Button Crafts: 11 Colorful Projects for a Jar You Can’t Stop Filling

The button jar is the original circular economy: a lifetime of fasteners snipped off worn-out shirts, inherited from somebody's sewing tin, and rattling around waiting for a second job. The eleven projects below run from a five-minute fridge magnet to a thread-wound Dorset button that has been made by hand in England since 1622, with a rainbow wreath, a pearly-style jacket, and a window suncatcher in between.

A few lean entirely on what you already own; one or two are worth buying a material for. And before you reach for the hot glue, there is a hard rule buried in here about which buttons you should never commit to a craft, because some of the discs in that jar are worth more than the thing you would glue them to.

article image 1

1. A sewn button monogram you can take apart later

a sewn button monogram you can take apart later 1

Sew the monogram, do not glue it, and the buttons go back in the jar the day you tire of it. Stretch a piece of linen or quilting cotton over a 10 to 12 inch embroidery hoop, pencil your initial, then lay the buttons inside the outline before you commit a single stitch. The non-obvious move is to photograph the layout on your phone once it looks right, because you will knock it askew the moment you thread the needle, and the photo is how you put it back.
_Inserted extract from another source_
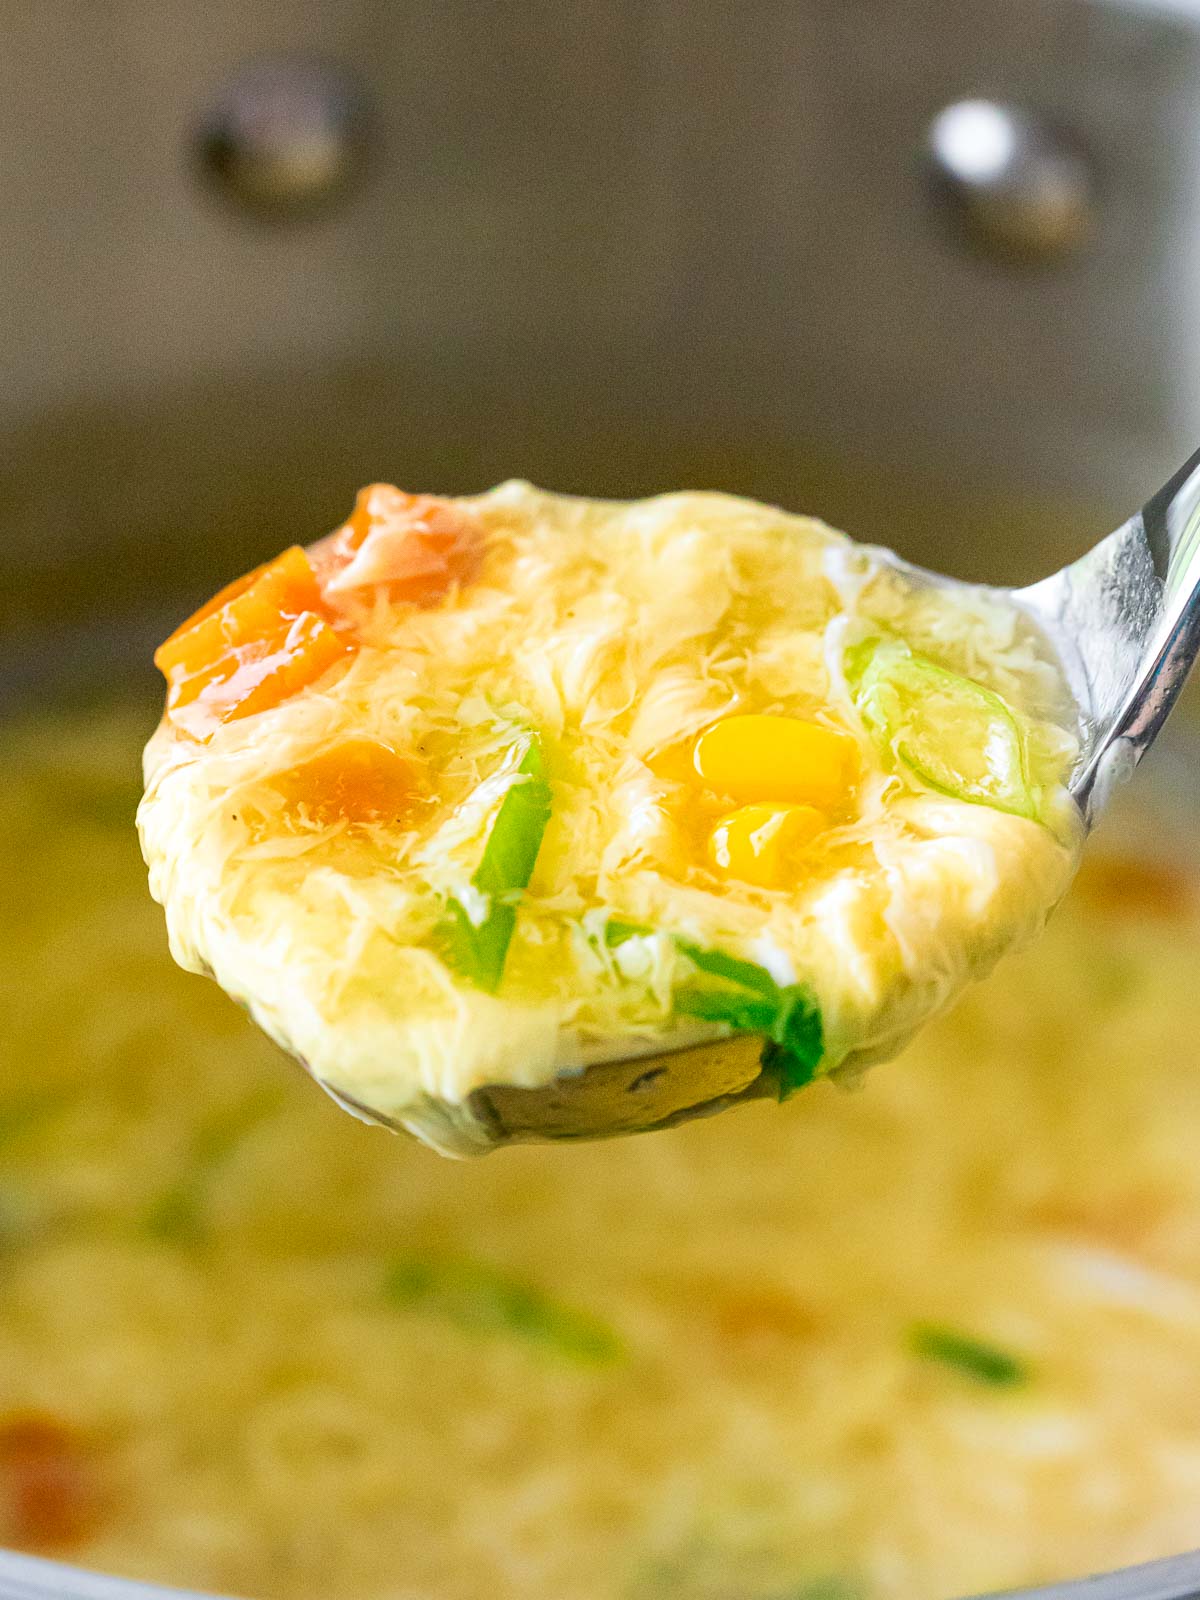 ladle full of authentic egg drop soup with corn and carrots

a sewn button monogram you can take apart later 1

Keep to one color family. A single letter in graded mother-of-pearl whites reads quiet and a little expensive; the same letter in every color you own reads like a primary-school project. Glued monograms on burlap were everywhere around 2012 and they have aged badly. Linen, real thread, and a recoverable result is the version worth your evening.

2. Dorset buttons: a 400-year-old jewelry craft you wind by hand

A Dorset button is just thread wound over a ring, and it is the most sustainable button you can make: no plastic, no mold, no waste, and a closure that outlasts the garment it fastens. The craft is named for the English county where Abraham Case set up the first commercial button-making operation in Shaftesbury in 1622, and it employed thousands of rural outworkers until a button-making press shown at the 1851 Great Exhibition put them out of business almost overnight. A skilled buttoner could turn out six dozen a day. The skill passed mother to daughter, was nearly lost, and in 2017 the Heritage Crafts Association added button making to its register of endangered crafts.
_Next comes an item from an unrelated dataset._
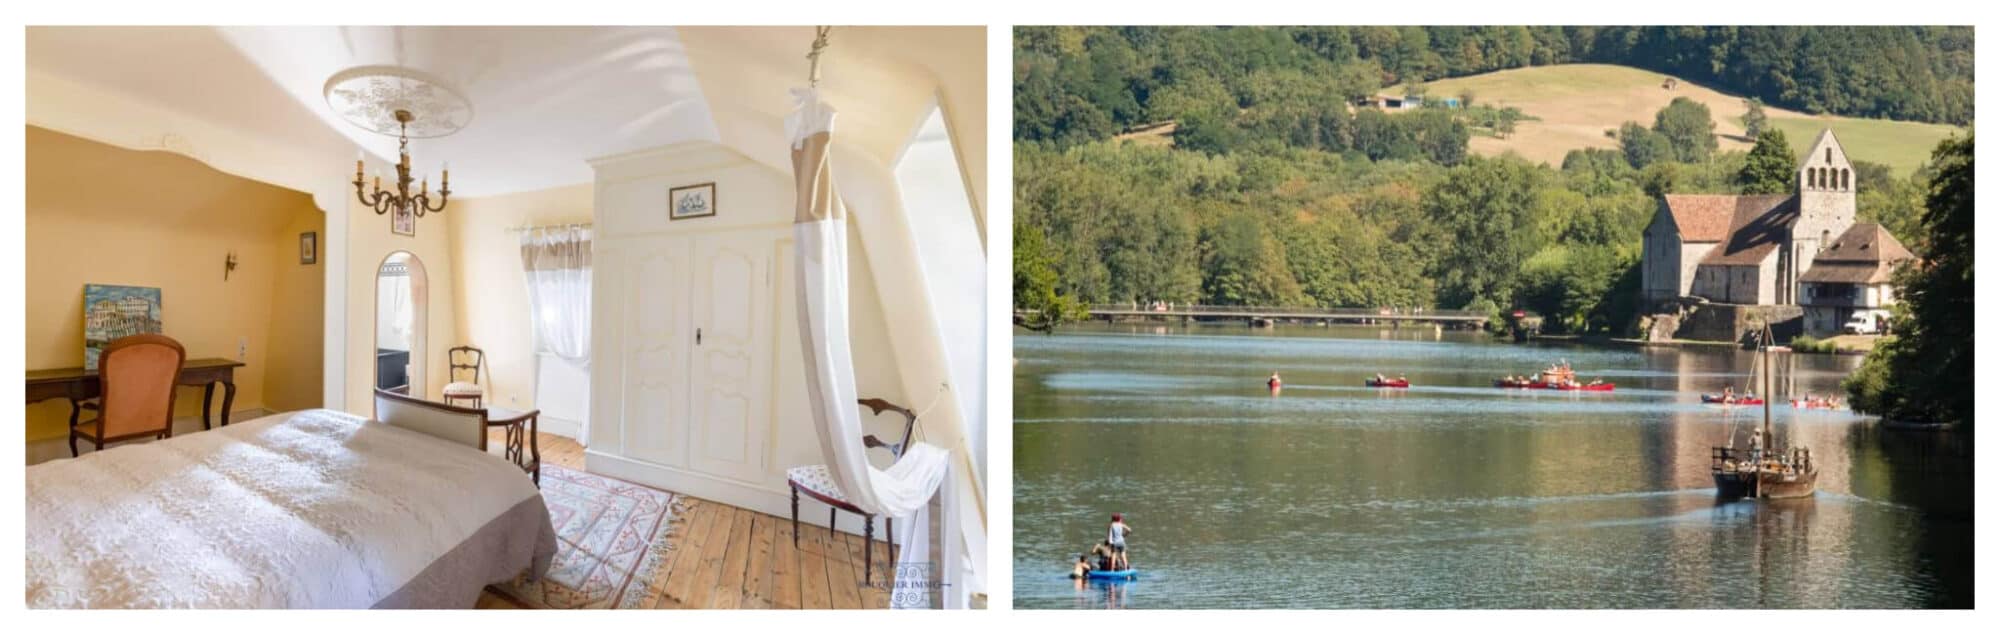 Left: A bedroom in a house in Dordogne, France, that has a wooden flooring and white curtains; Right: Dordogne, France's river with a castle beside it and people on boats.

Start with the wheel, which is the pattern nearly everyone learns; the high tops and knobs that came first are the ones almost no one can make anymore. You need a solid ring (a brass curtain ring works, which is exactly what the trade switched to), a tapestry needle, and a few yards of perle cotton from your stash.
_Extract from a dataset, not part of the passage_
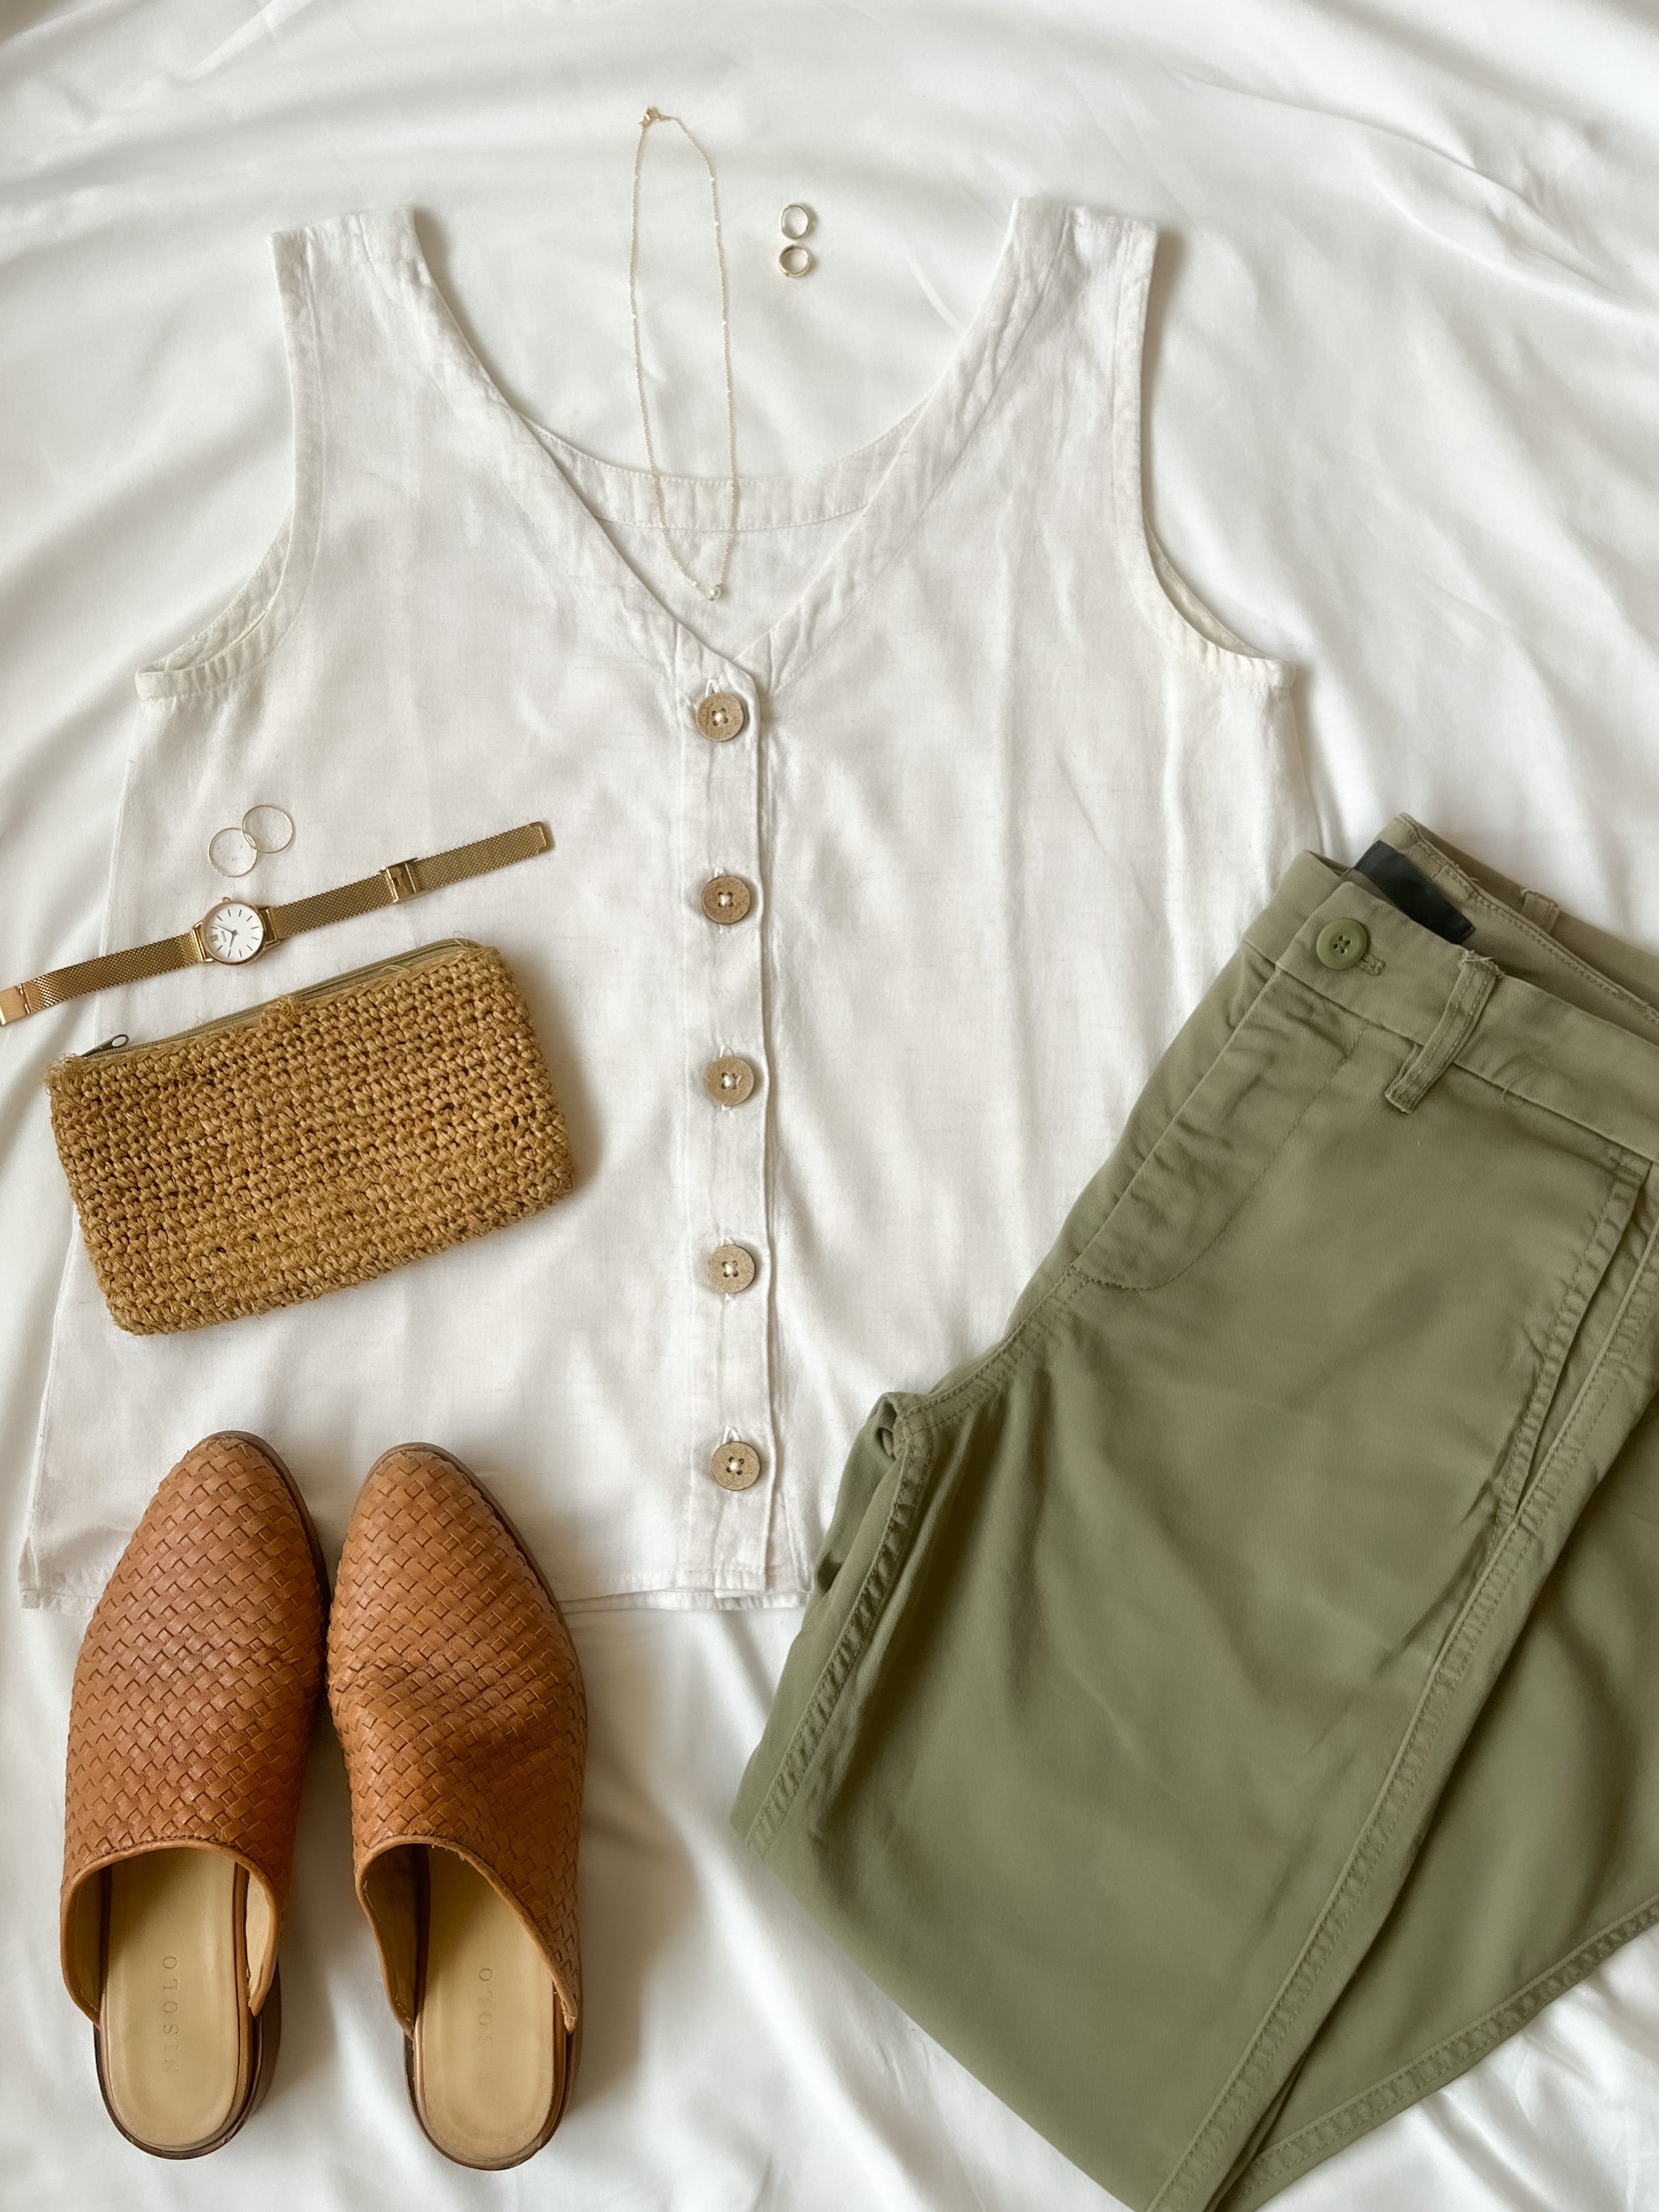 Neutral colors flatlay of Swahlee's Sleeveless Reversible Top

🧵 How a Dorset wheel is built

Casting: work blanket stitch around the ring until the metal disappears under a sleeve of thread.

Slicking: rotate the ridge of stitches to the inside so the outer edge is smooth.

Laying: carry the thread back and forth across the ring to lay down spokes, like a cartwheel.

Rounding: weave a spiral out from the center over and under the spokes. Stop early for a spoked look, keep going for a solid woven dome.

3. A button bowl molded over a balloon

a button bowl molded over a balloon 1

Blow a balloon up to about six inches, rest it in a cup to hold it steady, and glue buttons over the bottom half with a brush-on decoupage medium, overlapping every edge so the discs lock into each other. Two or three coats, a full day to dry, then pop the balloon and peel it away from the inside. What you get is a lacy trinket dish for rings, paper clips, and earrings, never for food. Smear the balloon with a thin film of petroleum jelly first so it releases cleanly.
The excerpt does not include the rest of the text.